The currency is digital only, meaning it cannot be removed from its digital network and therefore does not exist in a physical form like paper money. You cannot place a physical bitcoin in your wallet, even if you buy it at a bitcoin ATM (yes, those exist).

What backs Bitcoin value? ›

Bitcoin's price is primarily affected by its supply, the market's demand, availability, competing cryptocurrencies, and investor sentiment.

Is there anything tangible about Bitcoin? ›

Users can also buy the currencies from brokers, then store and spend them using cryptographic wallets. If you own cryptocurrency, you don't own anything tangible. What you own is a key that allows you to move a record or a unit of measure from one person to another without a trusted third party.
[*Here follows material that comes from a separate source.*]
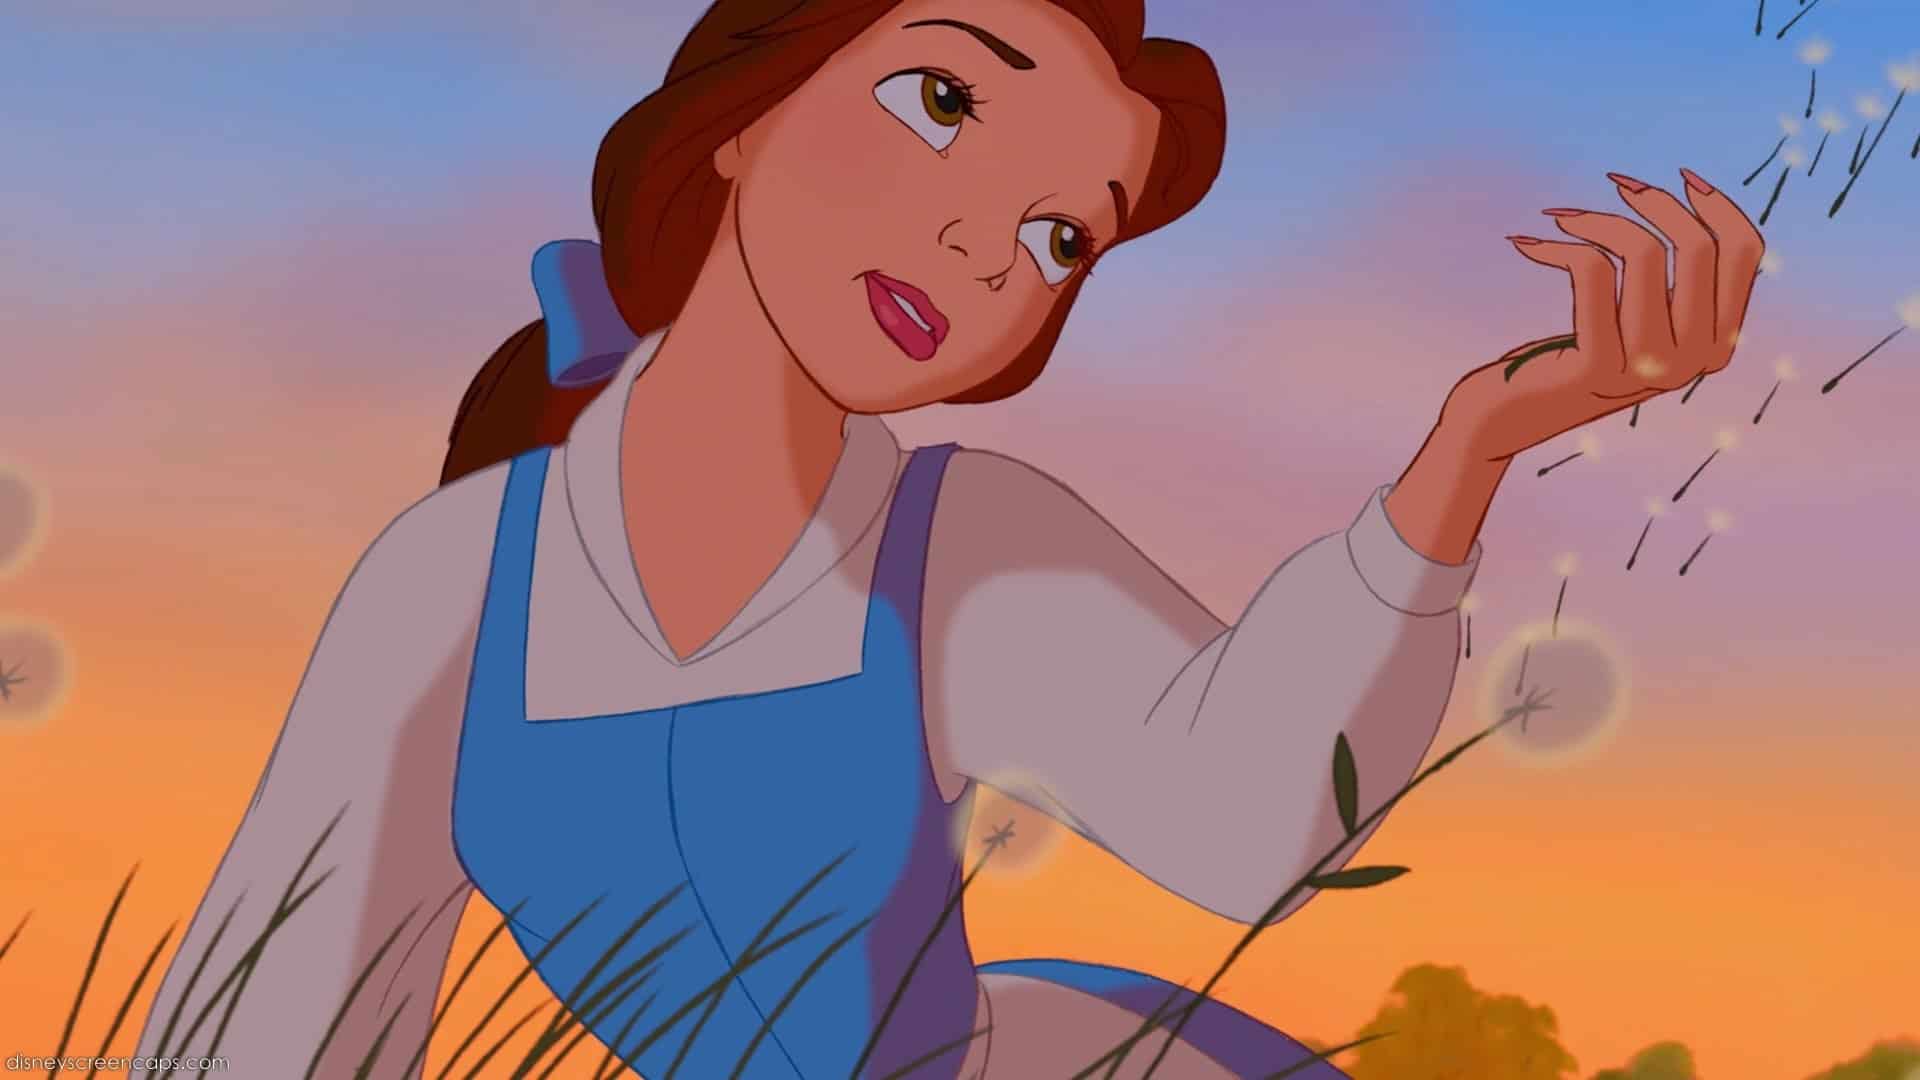 Belle's Interested in Idle Independence - worst Disney princess

Does ethereum have intrinsic value? ›

The research highlight that the most significant variable to ether are gas price per block, transactions fees and reward to miners, and focused on the utility of ether which can be of intrinsic value and have a significant impact on investment portfolios.

What is the intrinsic value of gold in Bitcoin? ›

Any value is purely in the eye of the beholder. So no money, be it gold, USD or BTC has any intrinsic value at all.

Does Bitcoin satisfy the store of value? ›

Is bitcoin the best store of value? Bitcoin vs dollars. Many investors see bitcoin as the best store of value because it has the best aspects of both gold and digital currencies: it's widely accepted, liquid, scarce, divisible and portable. The only thing that it is lacking is durability over time.